* Information provided *
☆ ☆ ☆ ☆ ☆

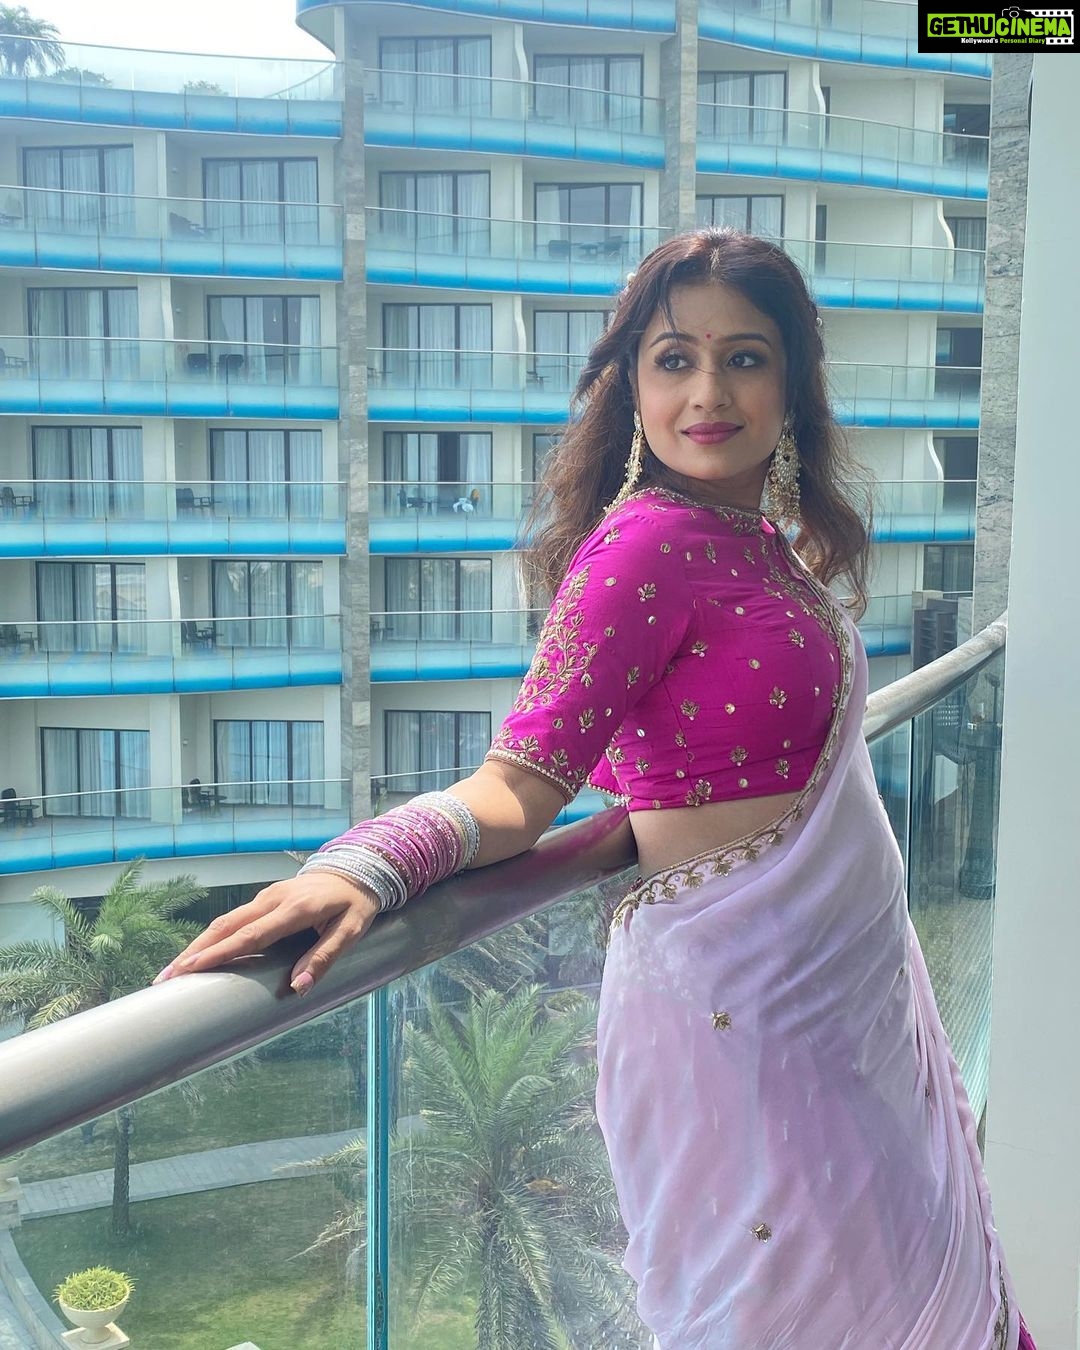 Paridhi Sharma Wiki, Biography, Age, Gallery, Spouse and more
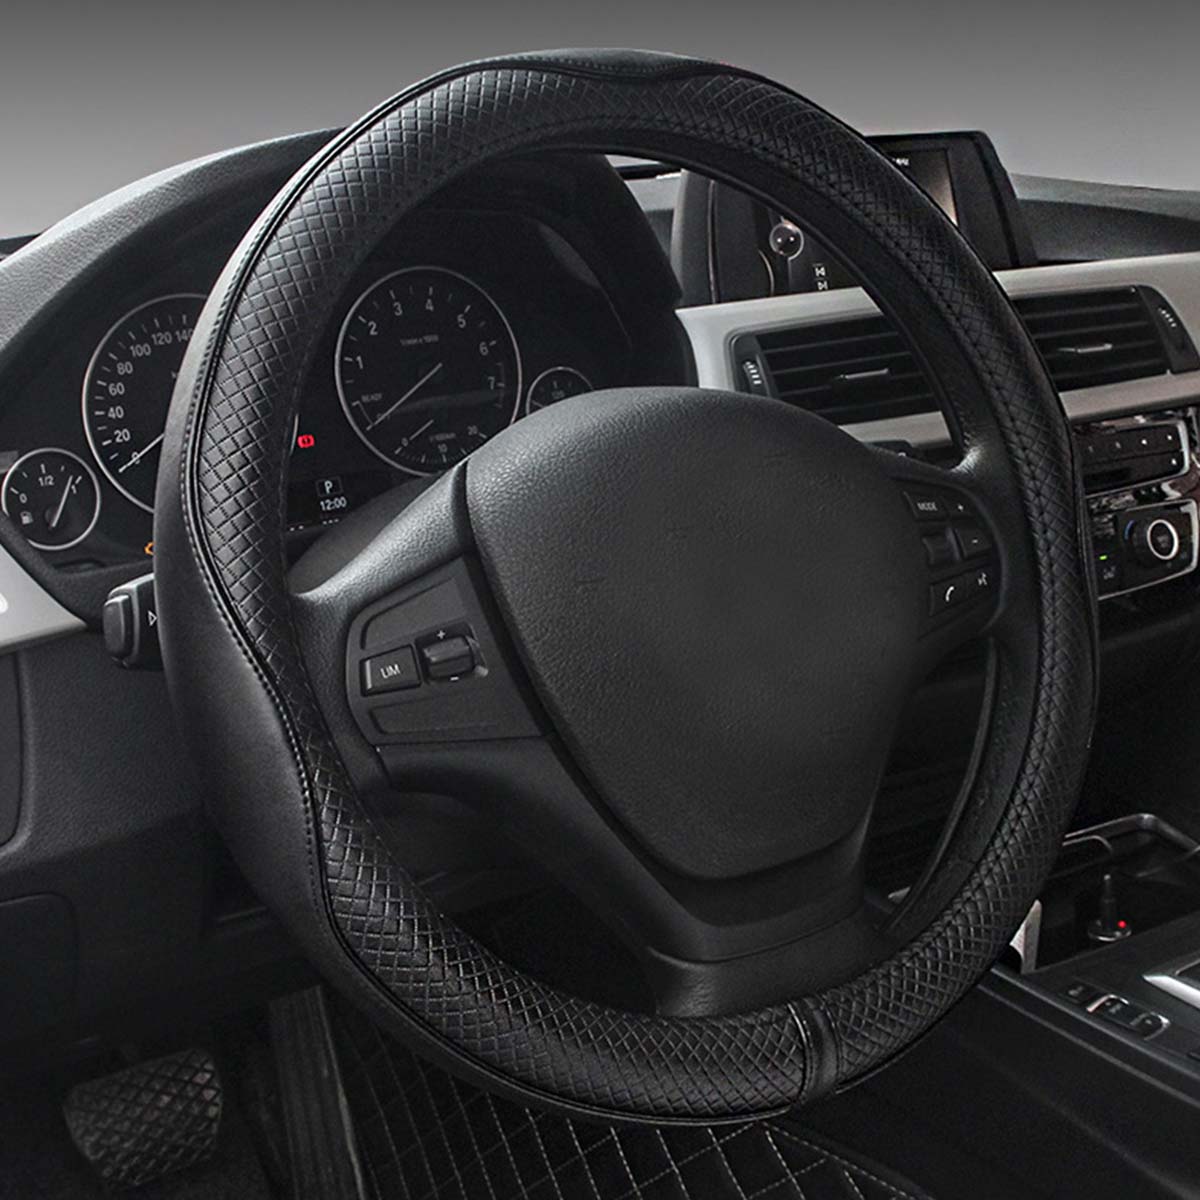 Enhance Your Ride with a Stylish Cadillac Steering Wheel Cover
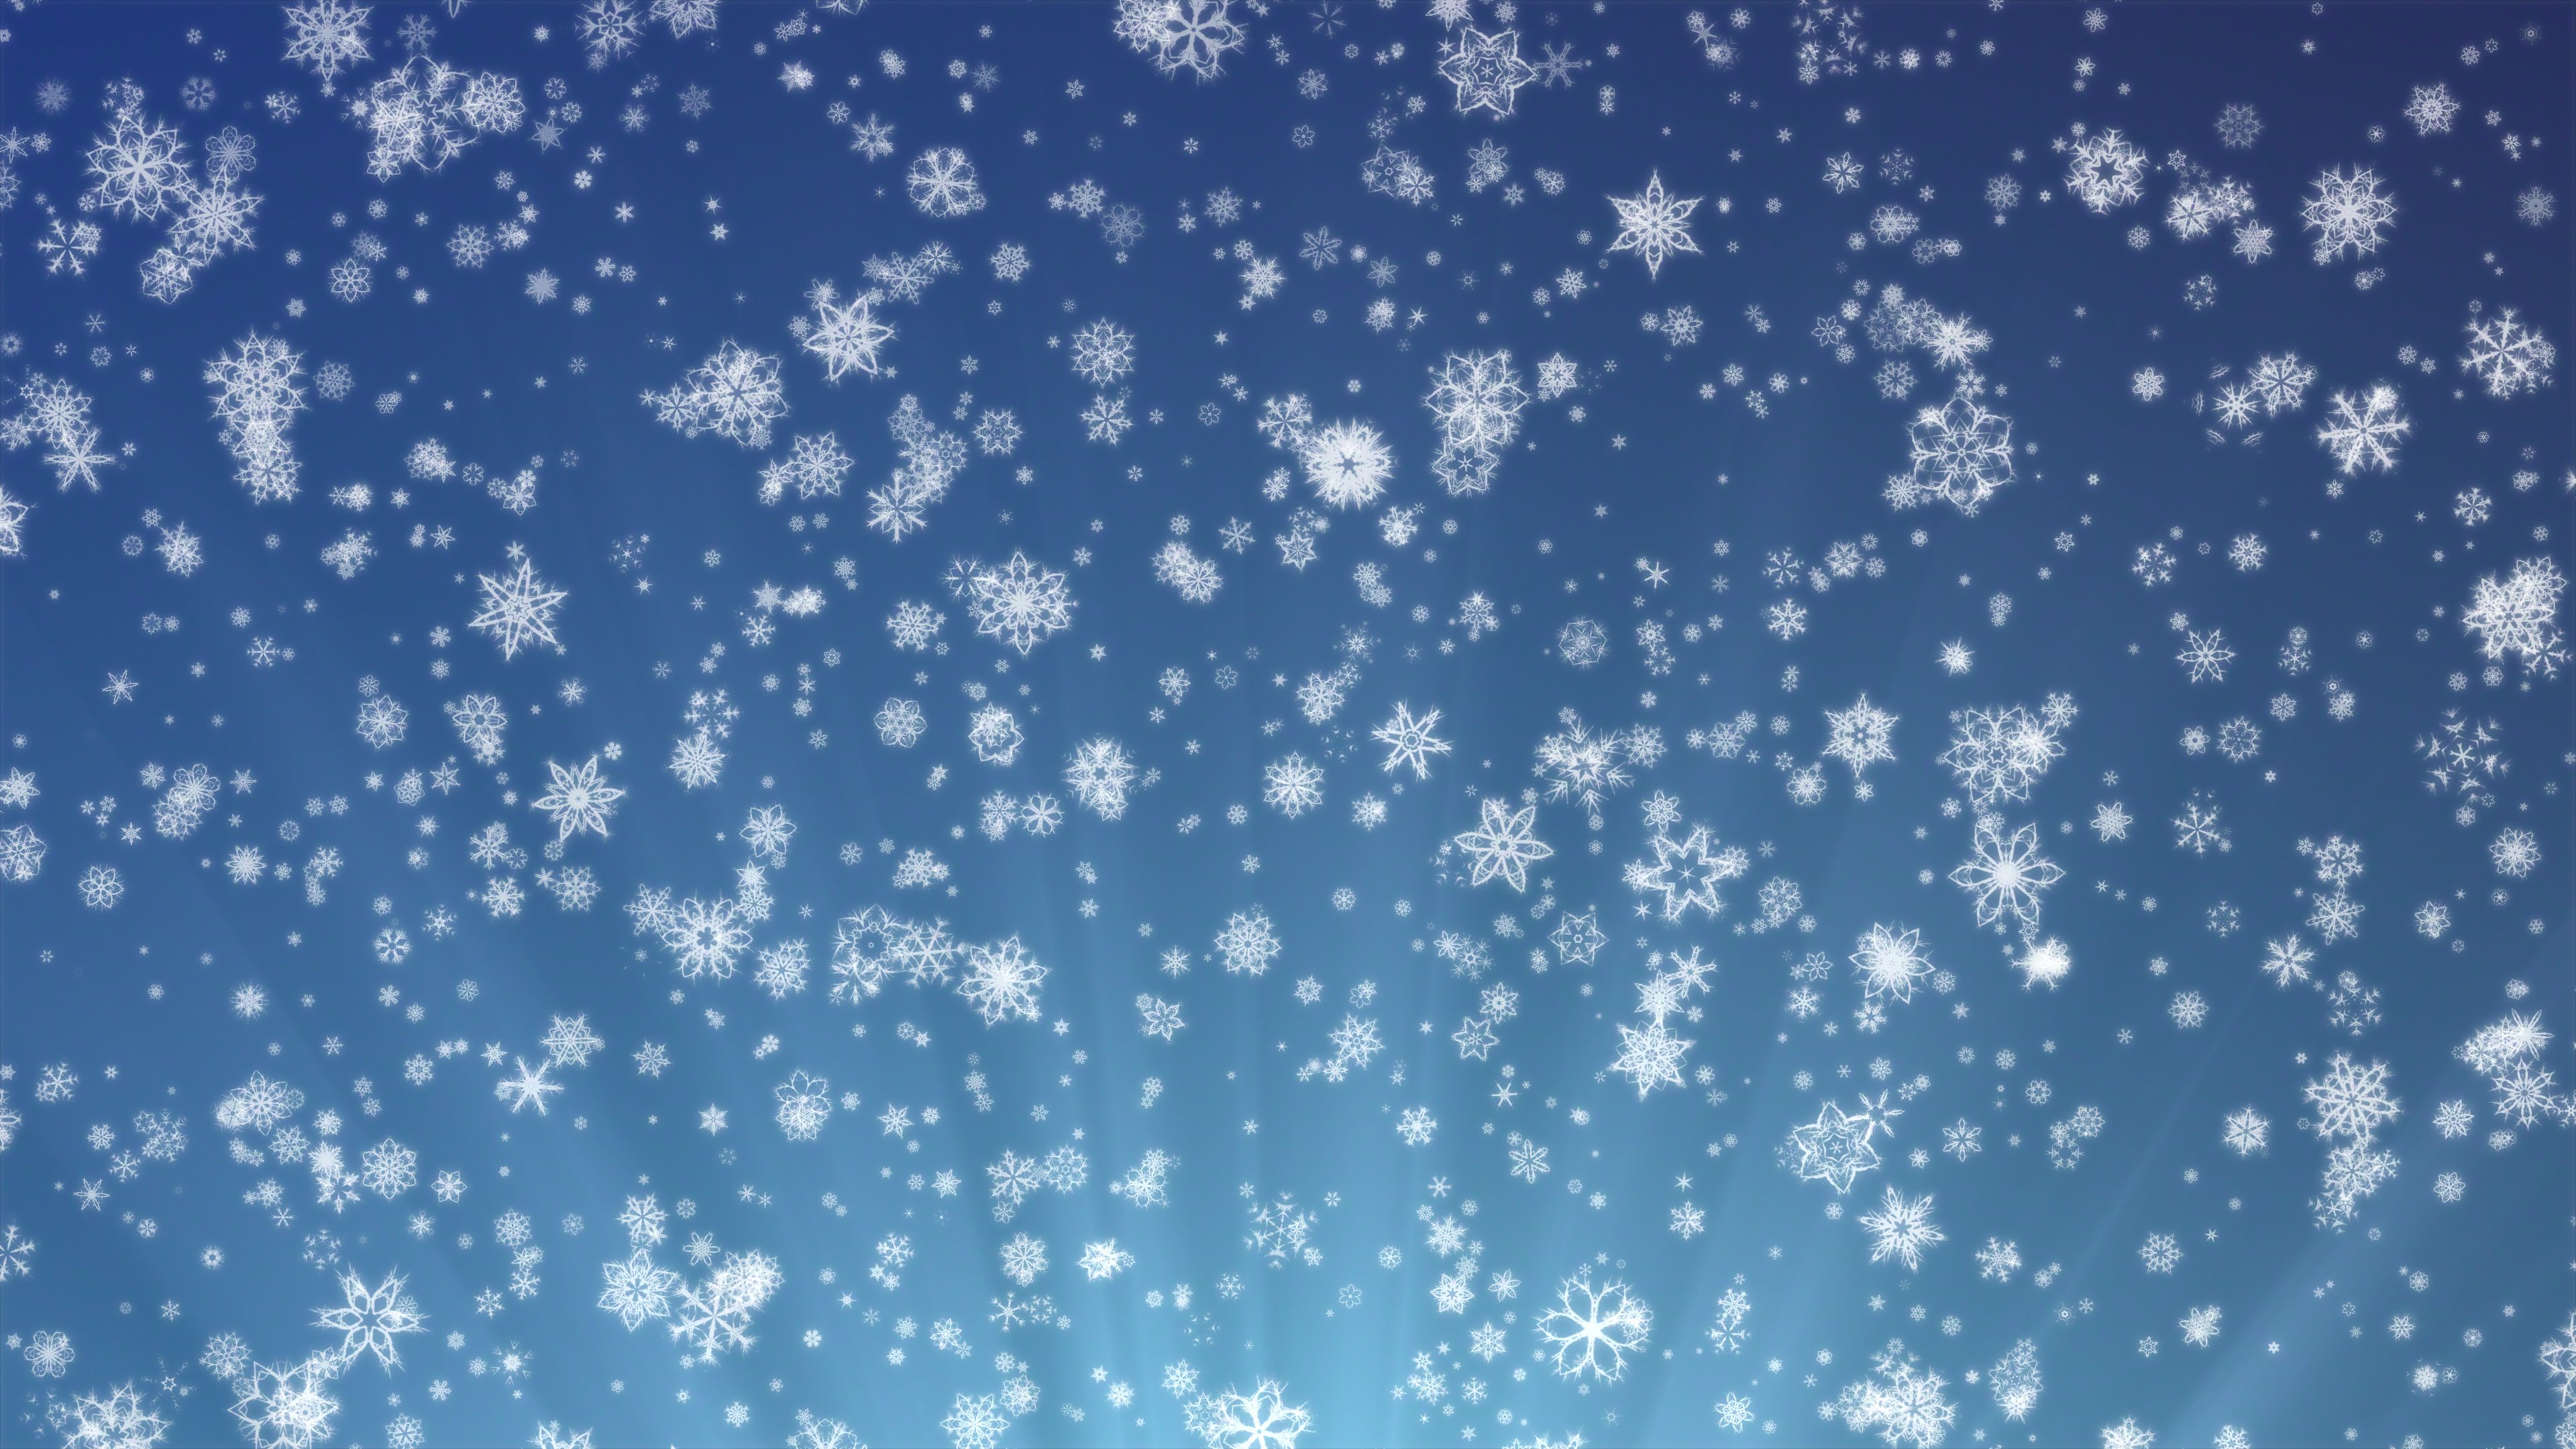 Moving Snowflakes Background
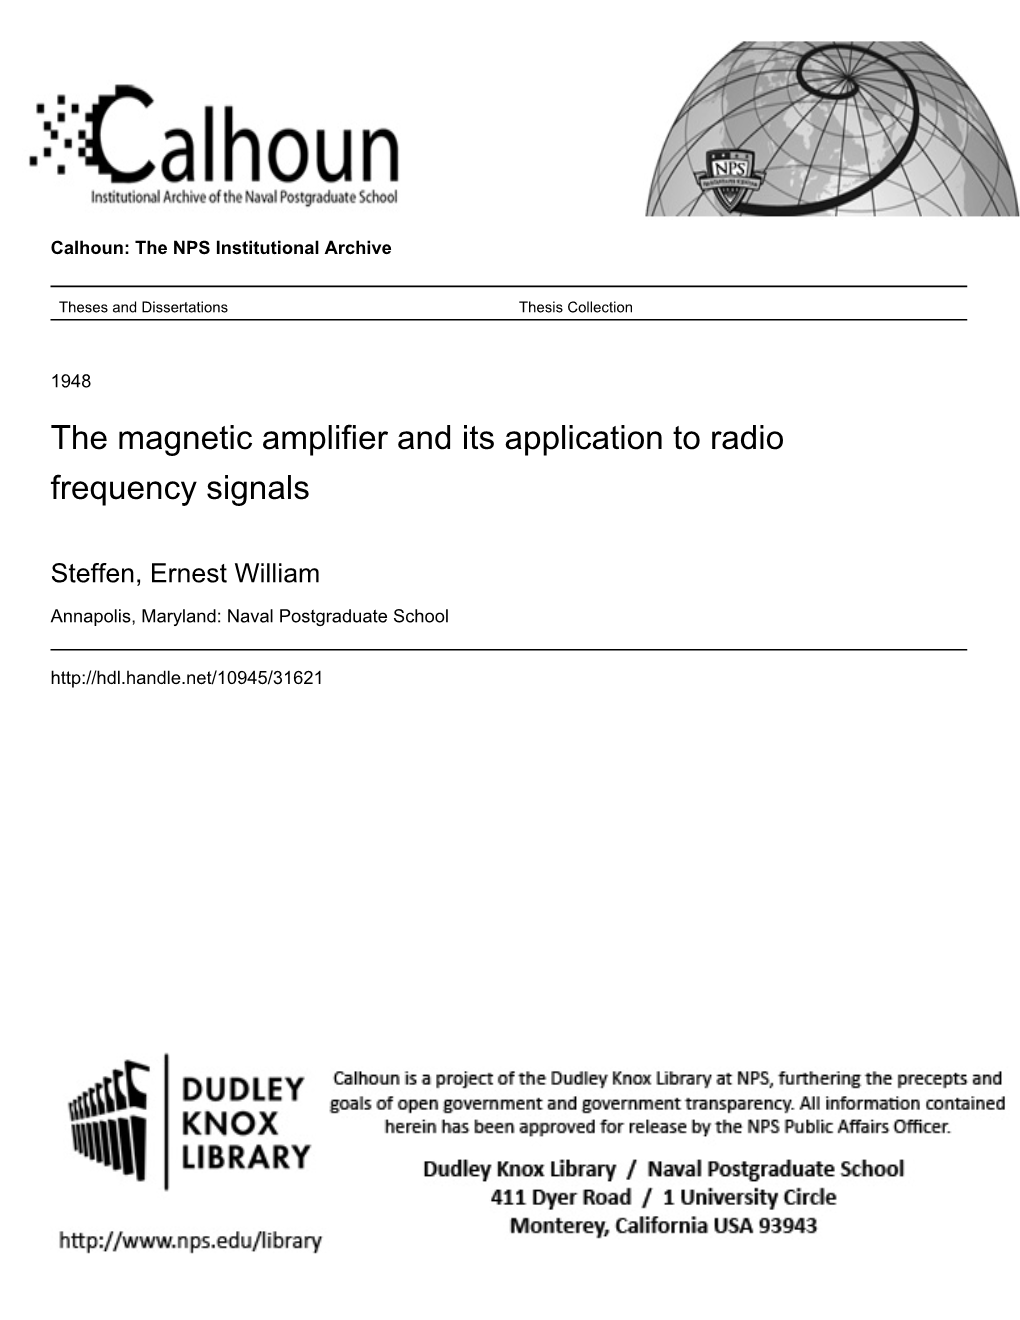 The Magnetic Amplifier and Its Application to Radio Frequency Signals

☆ ☆ ☆ ☆ ☆

* Exercise prompt *
Return all of the material precisely as written. No picture belongs in it.

* Result for this exercise *
 Paridhi Sharma Wiki, Biography, Age, Gallery, Spouse and more
 Enhance Your Ride with a Stylish Cadillac Steering Wheel Cover
 Moving Snowflakes Background
 The Magnetic Amplifier and Its Application to Radio Frequency Signals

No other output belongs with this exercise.